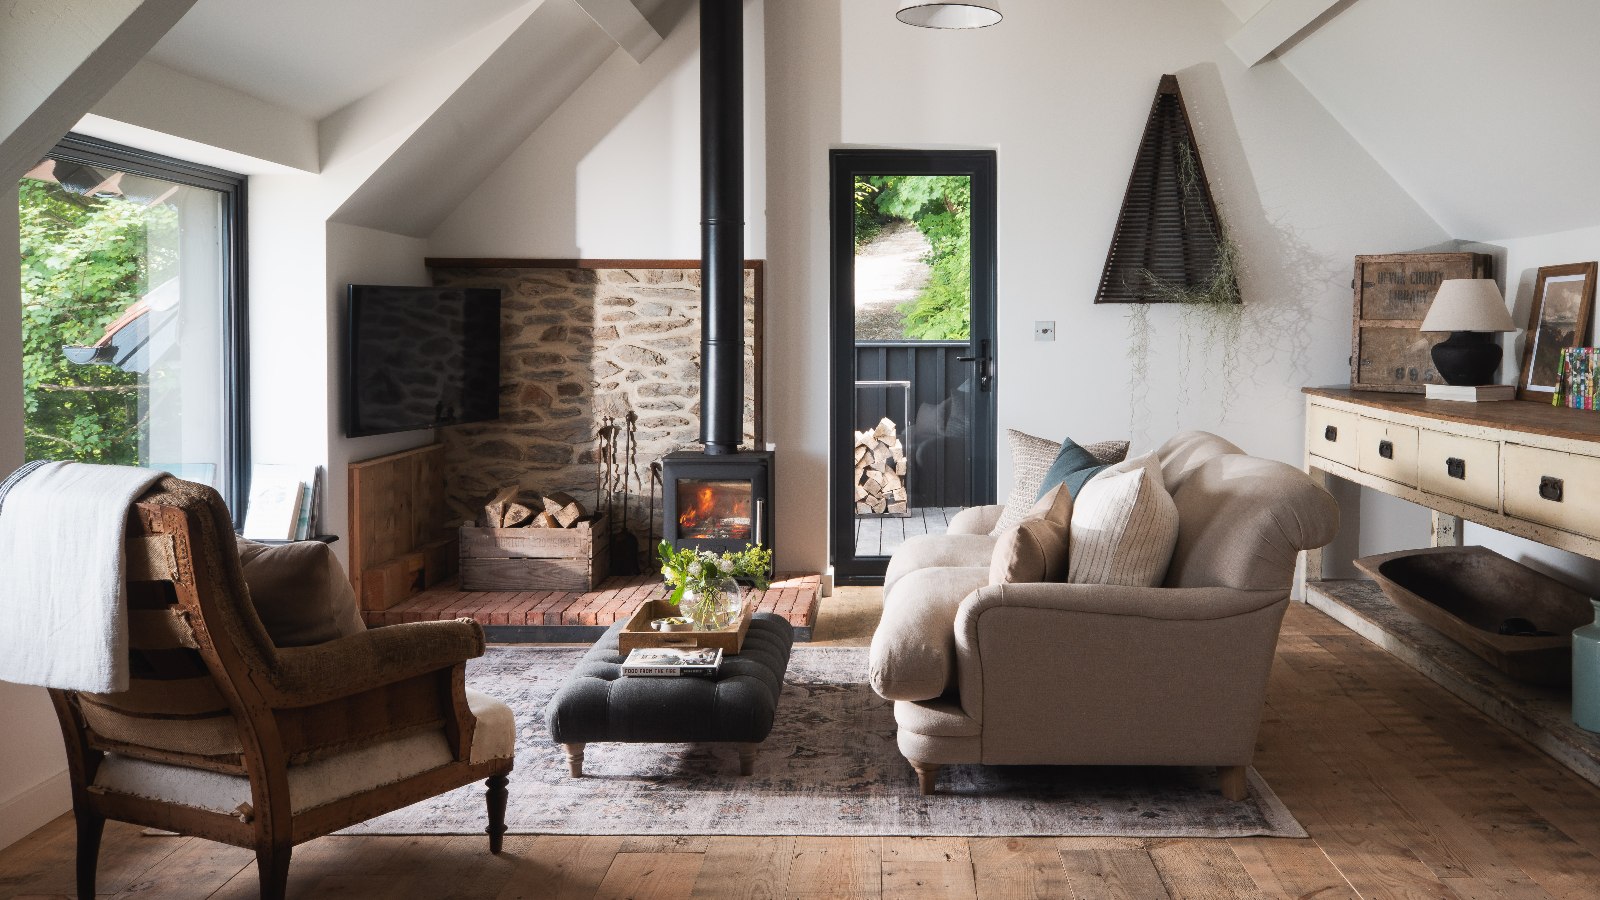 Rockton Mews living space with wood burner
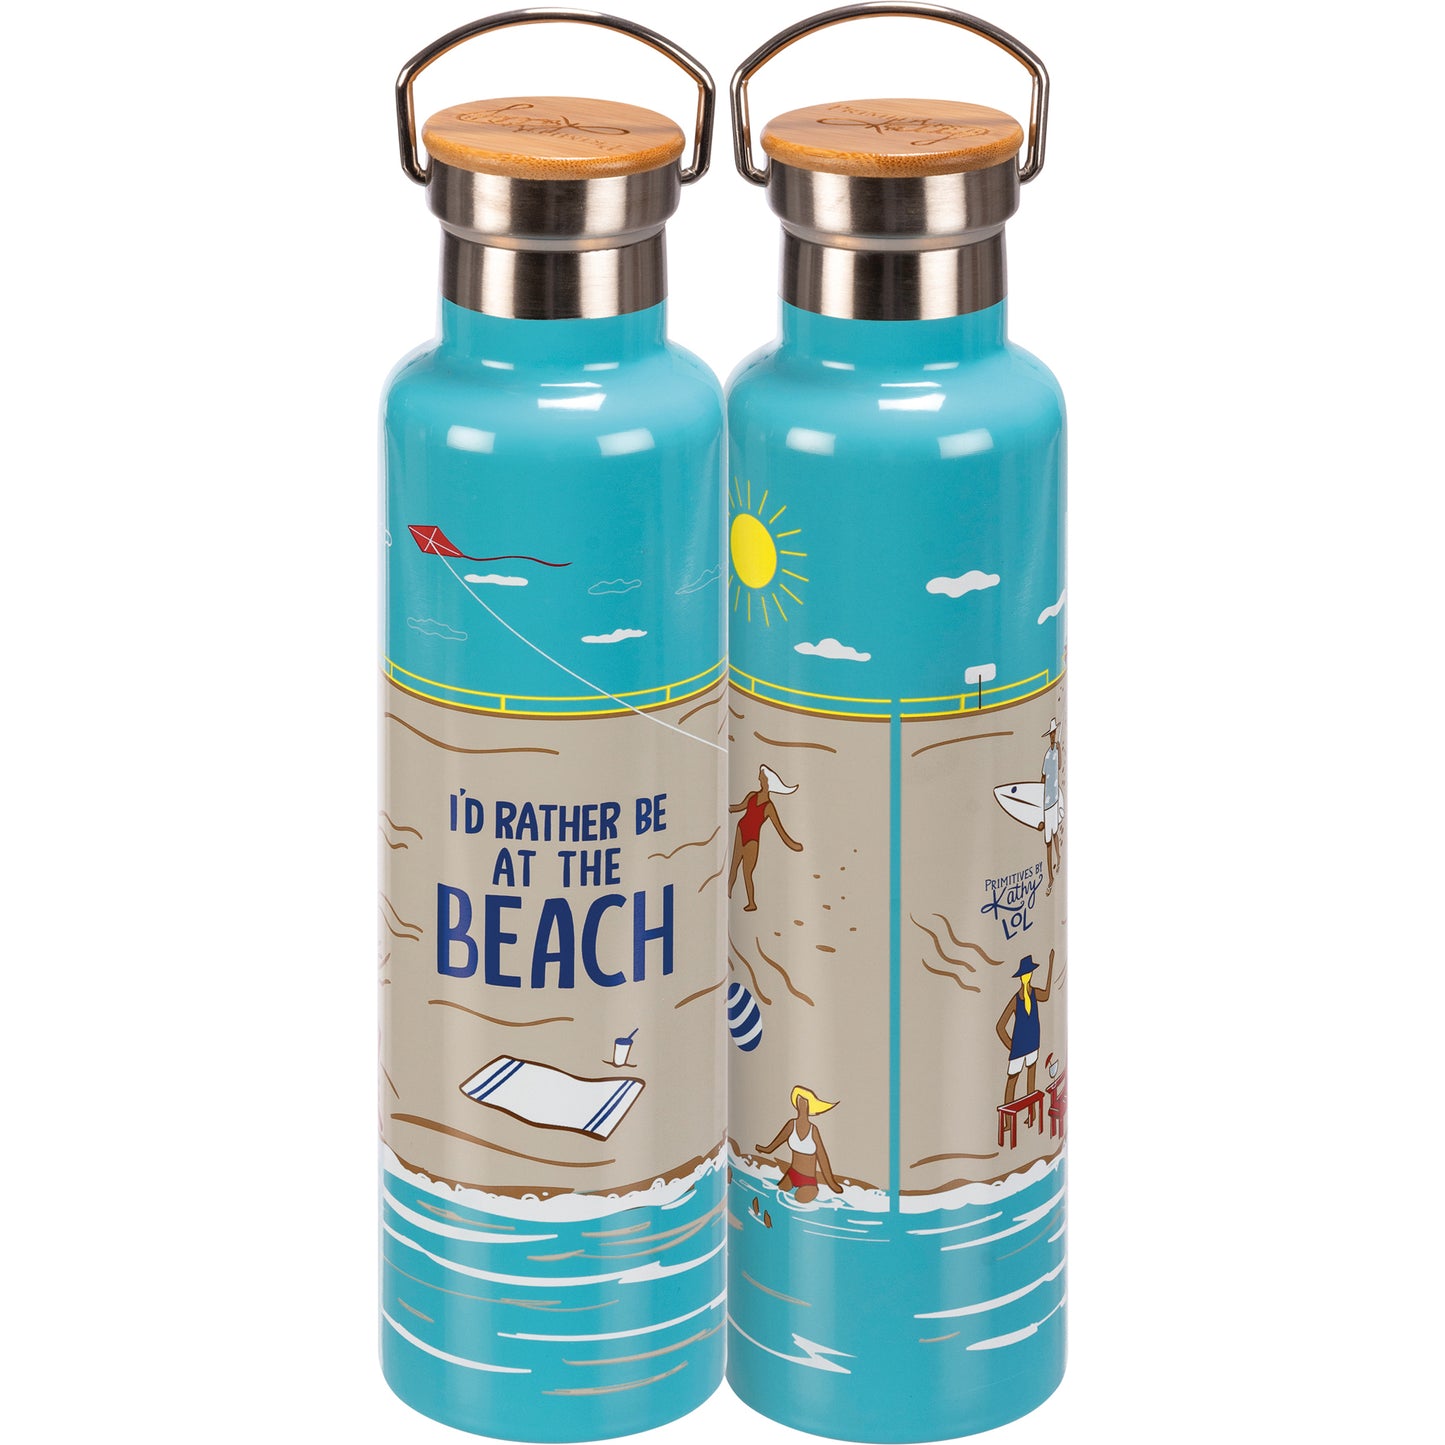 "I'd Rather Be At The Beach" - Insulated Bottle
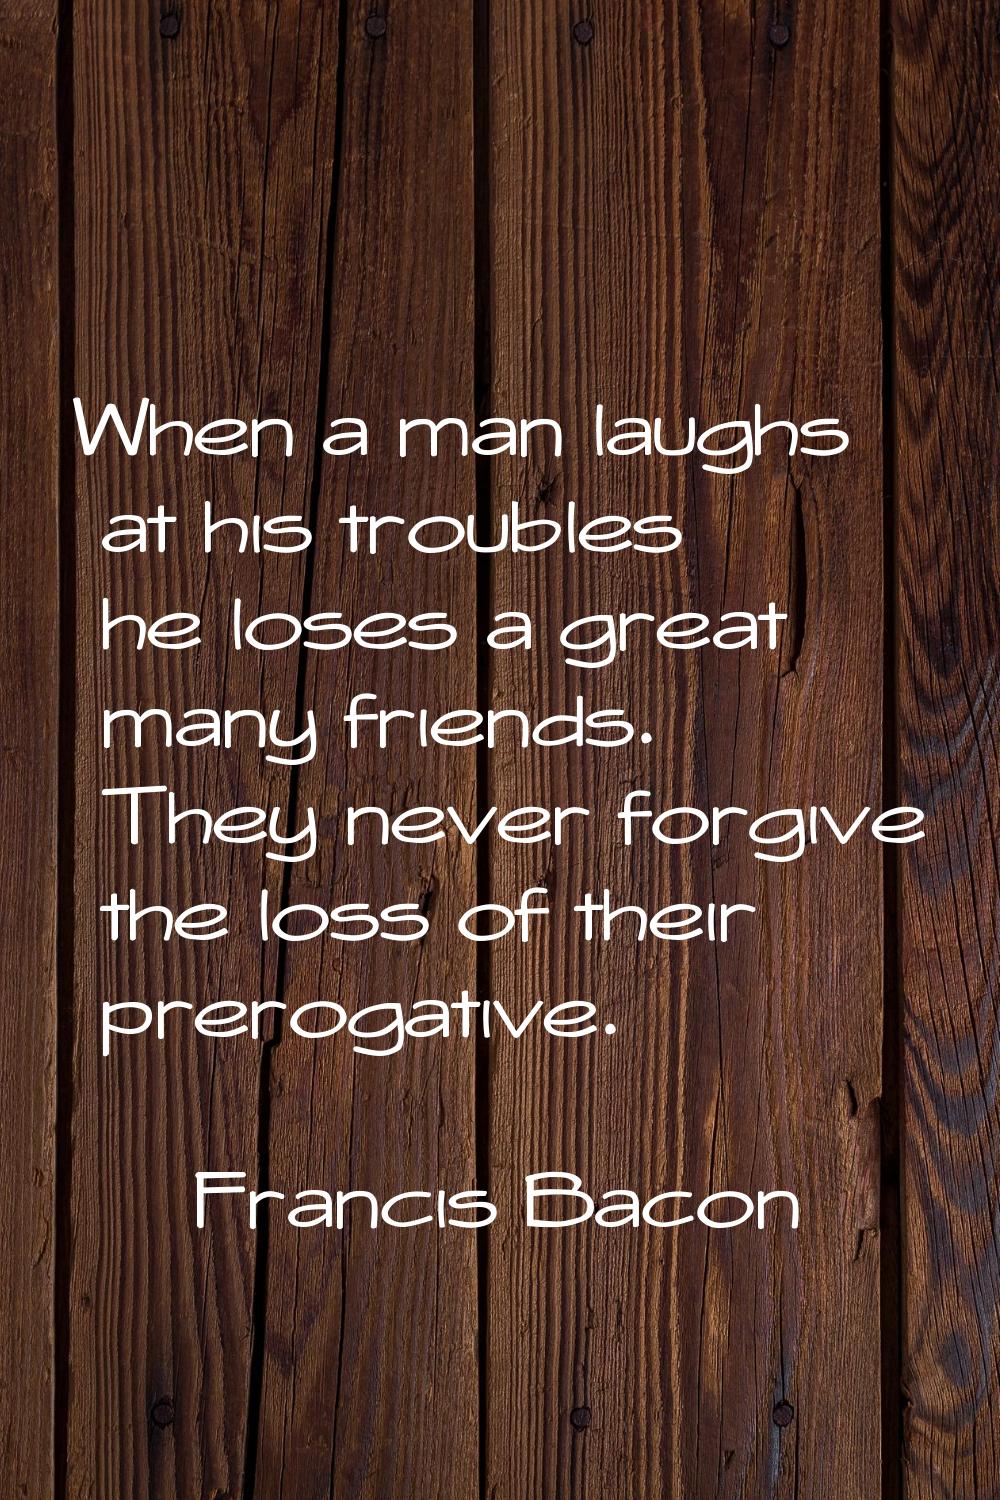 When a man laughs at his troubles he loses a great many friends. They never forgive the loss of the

========================

Write out an exact reproduction of the lines from the line that holds "- Insulated Bottle" to the bottom of the listing above, both ends included. Exclude pictures.

REPLY:
 "I'd Rather Be At The Beach" - Insulated Bottle
 When a man laughs at his troubles he loses a great many friends. They never forgive the loss of the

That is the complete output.